- [WHAT TO DO]: Transcribe this listing exactly; omit the pictures.

- [DATA BELOW]:
-- Opening Marker --

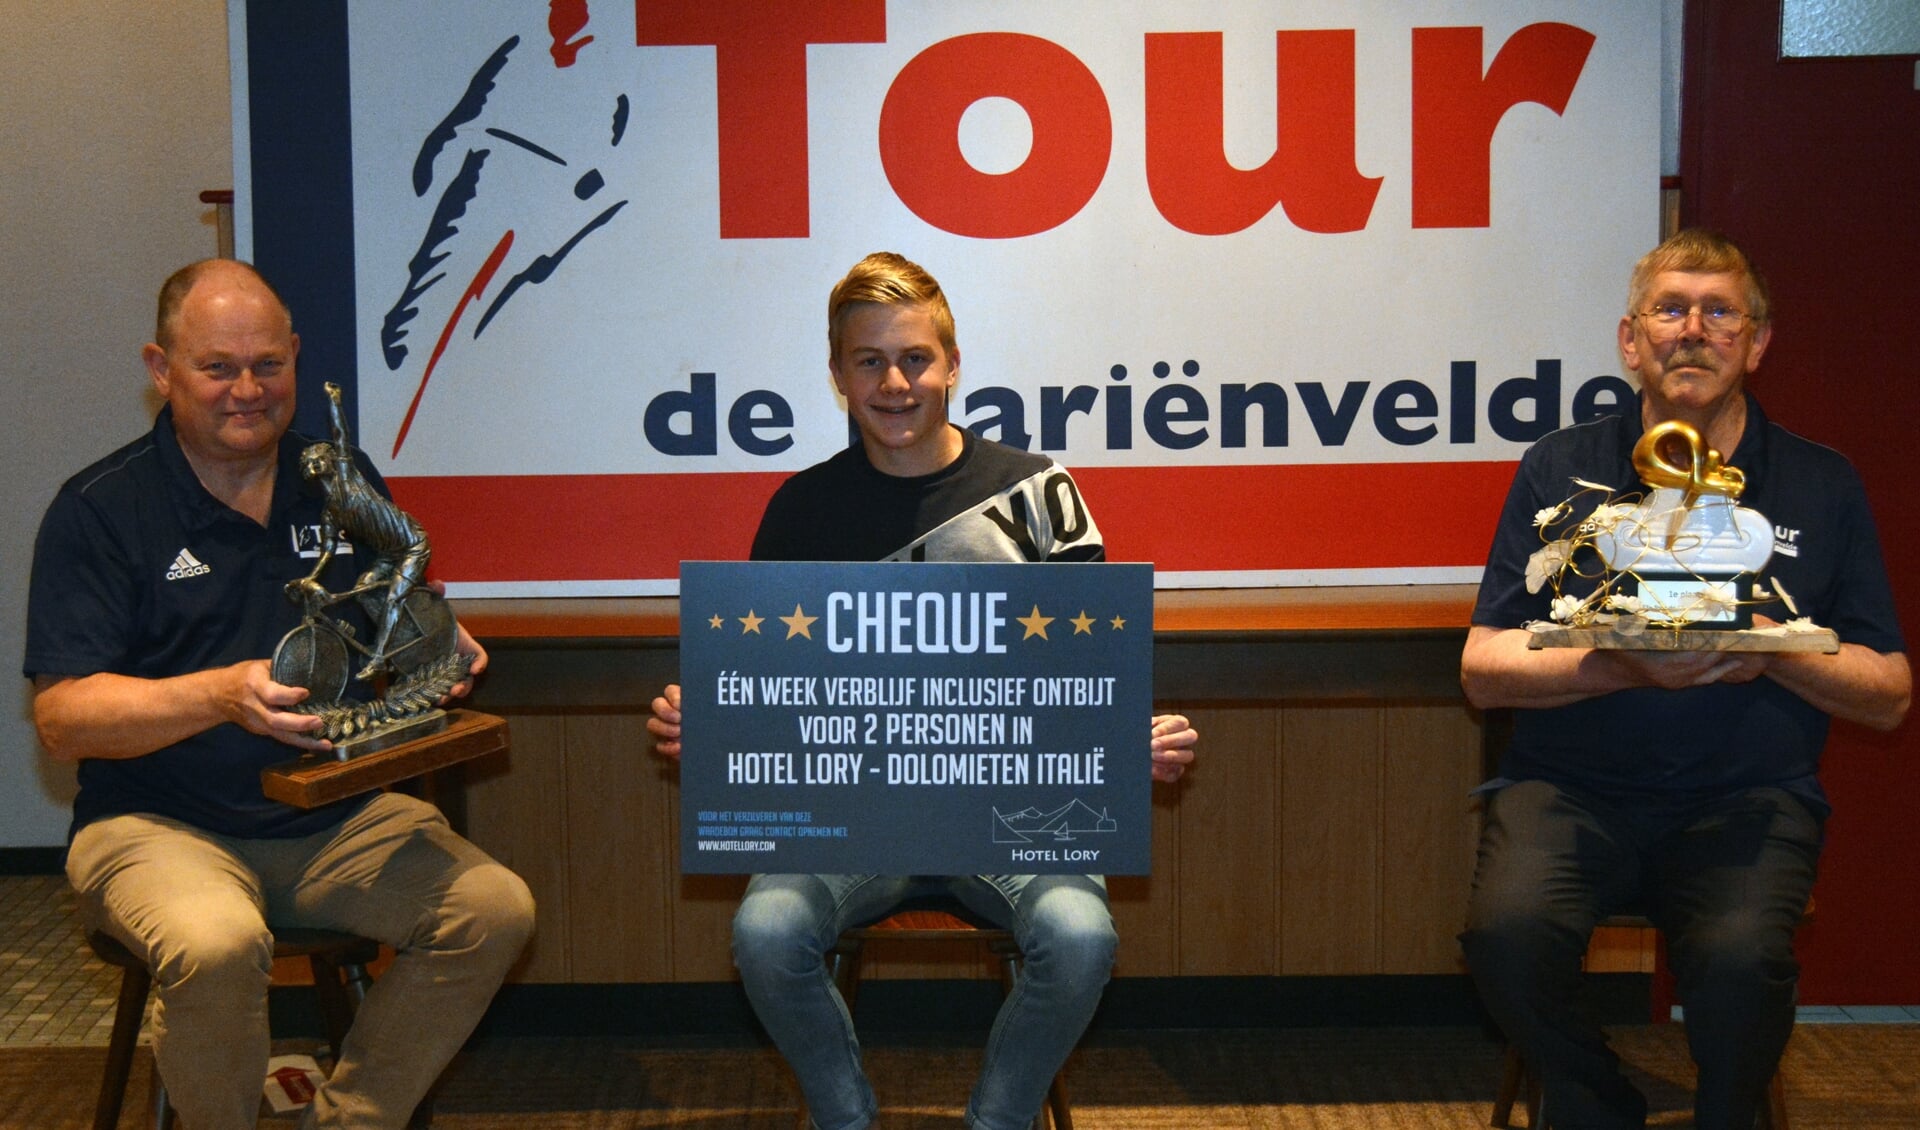 De 16-jarige winnaar Tjibbe de Boer uit Aalten zit met de cheque voor de eerste prijs tussen twee directieleden van de Tour de Marienvelde, Henny Heutinck (rechts) en Henri Weikamp (links). Foto: PR
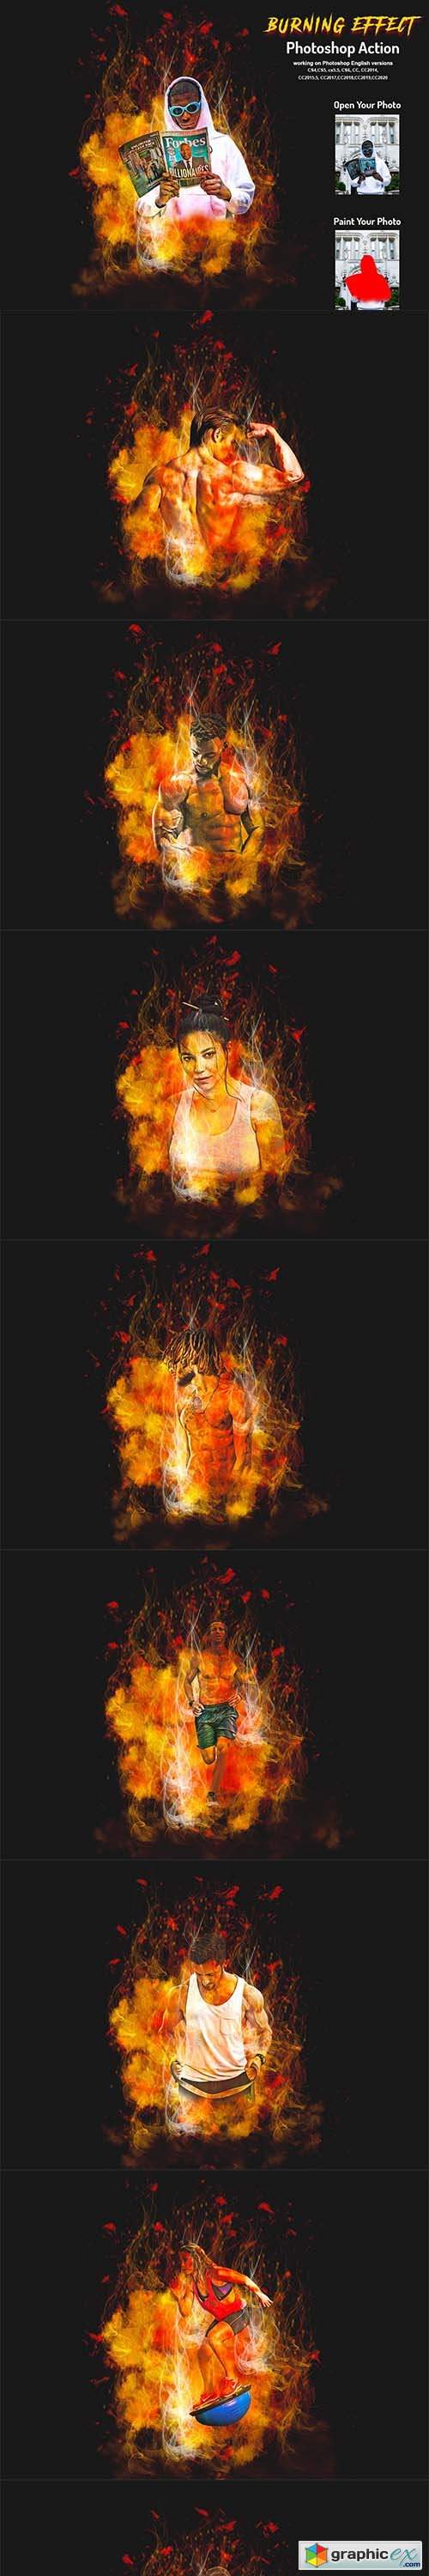 Burning Effect Photoshop Action 
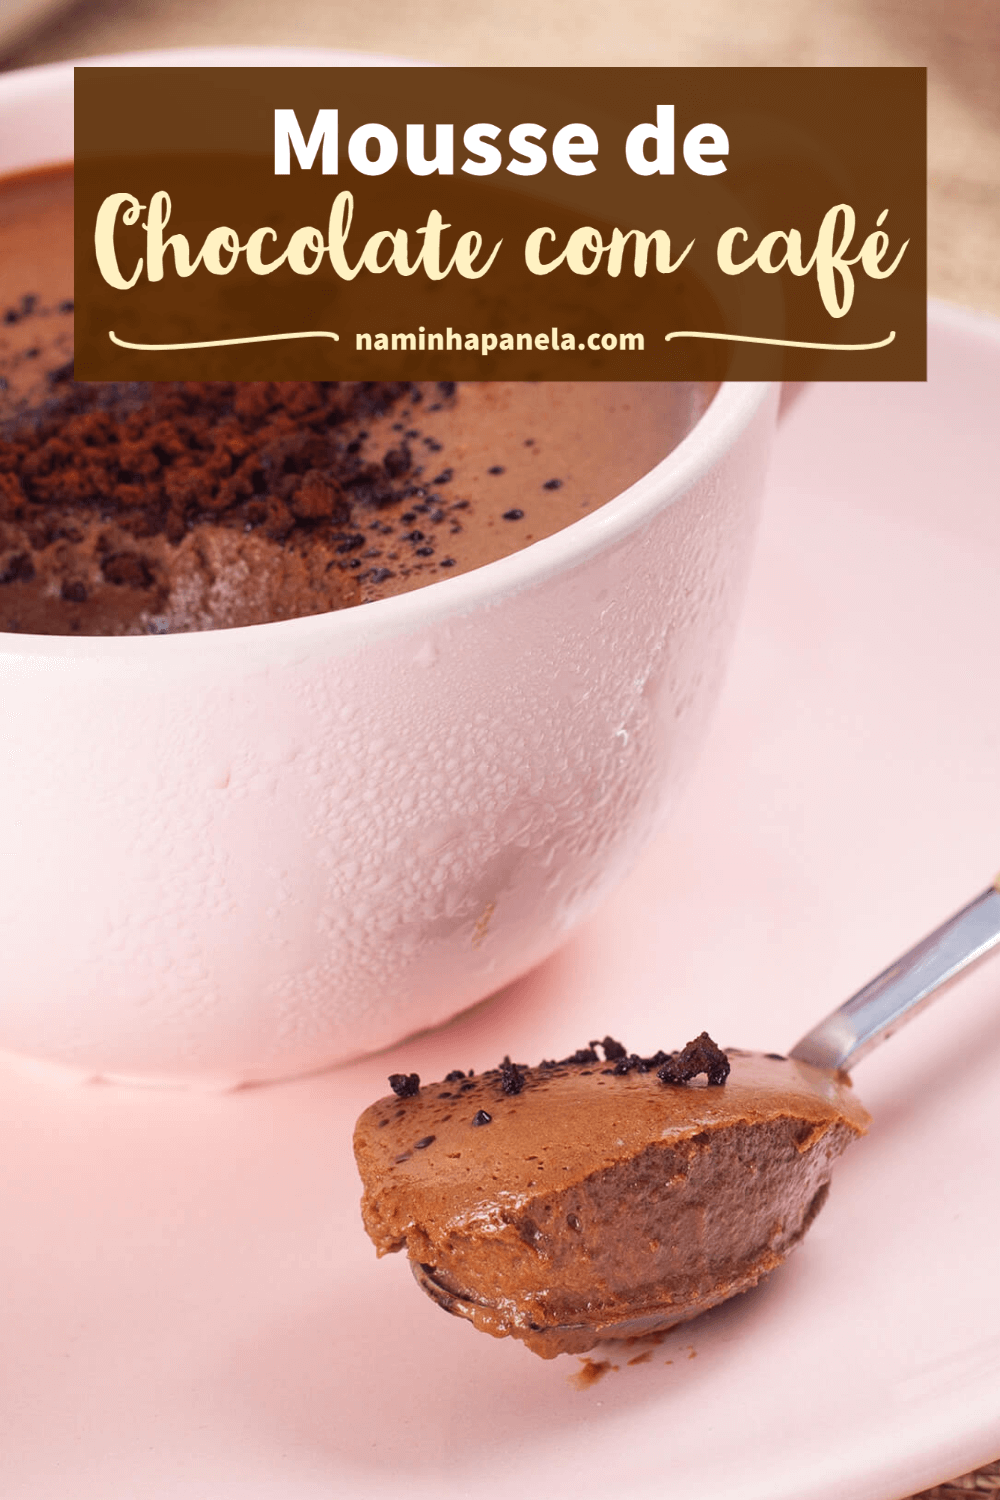 Mousse de chocolate com café - naminhapanela.com
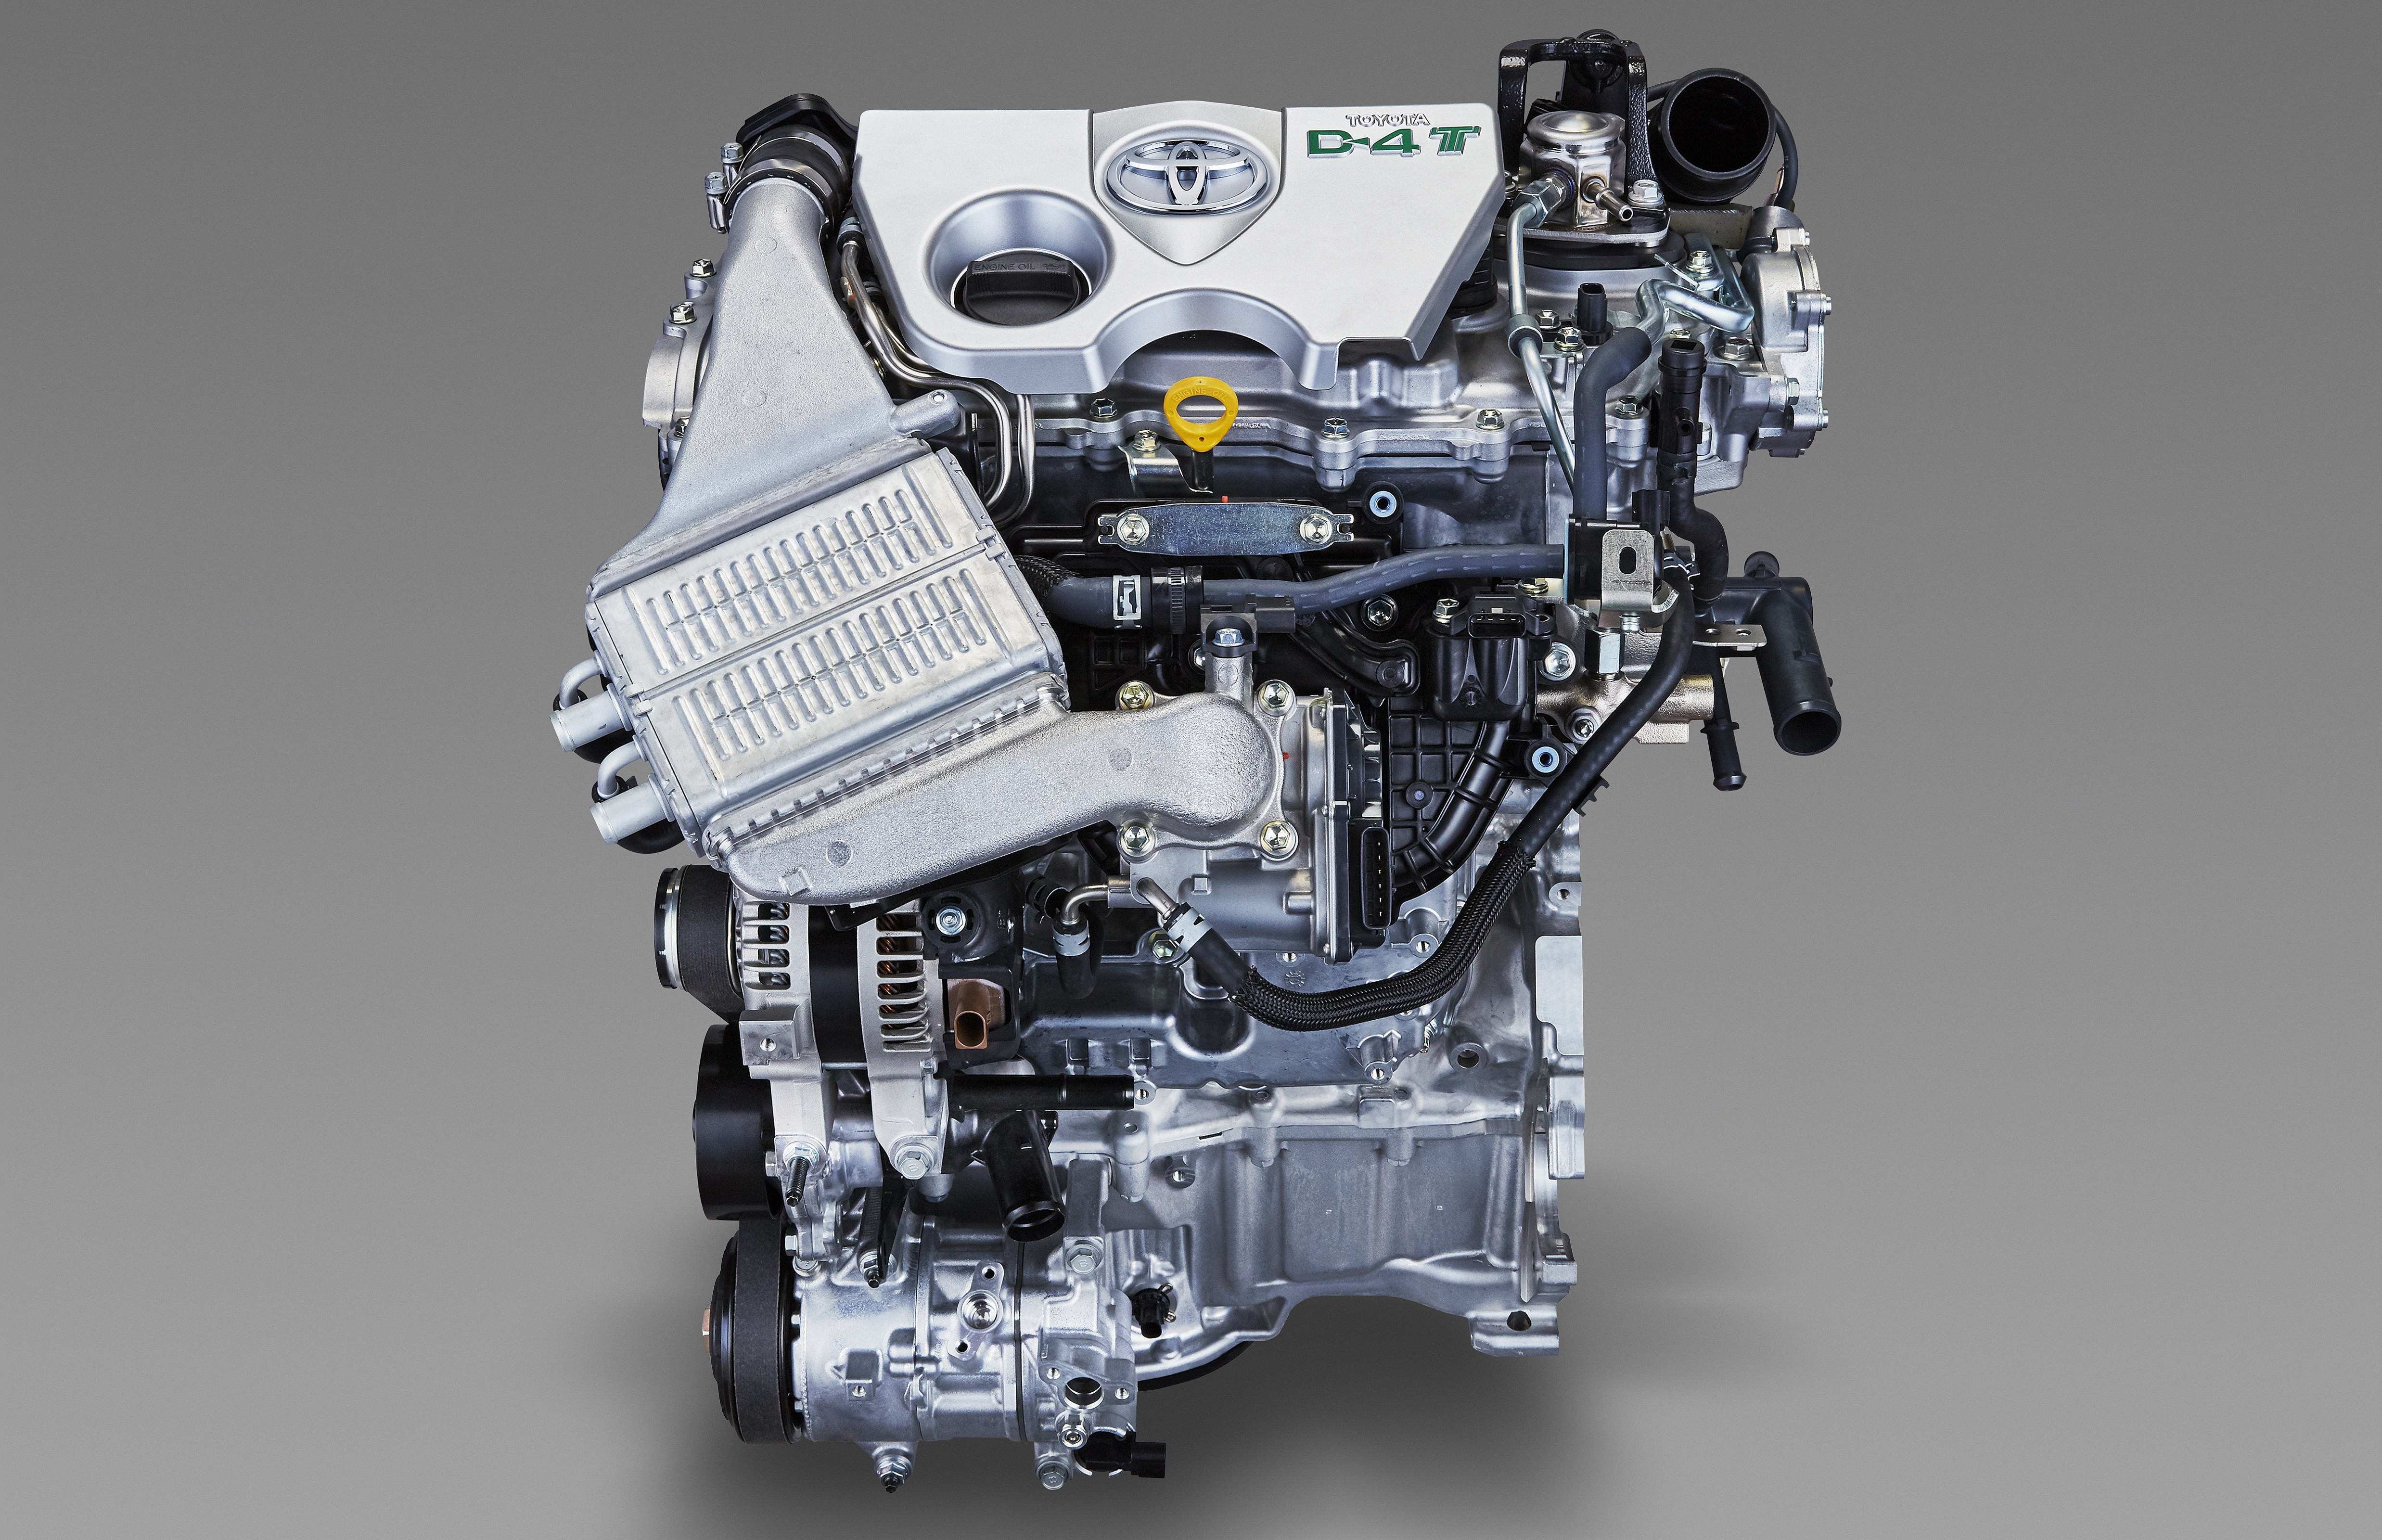 除了自然吸气发动机外,丰田的增压发动机虽然不像欧洲厂家那么出名

-- Closing Marker --

- [REPLY]:
 De 16-jarige winnaar Tjibbe de Boer uit Aalten zit met de cheque voor de eerste prijs tussen twee directieleden van de Tour de Marienvelde, Henny Heutinck (rechts) en Henri Weikamp (links). Foto: PR
 Burning Effect Photoshop Action 
 Mousse de chocolate com café - naminhapanela.com
 除了自然吸气发动机外,丰田的增压发动机虽然不像欧洲厂家那么出名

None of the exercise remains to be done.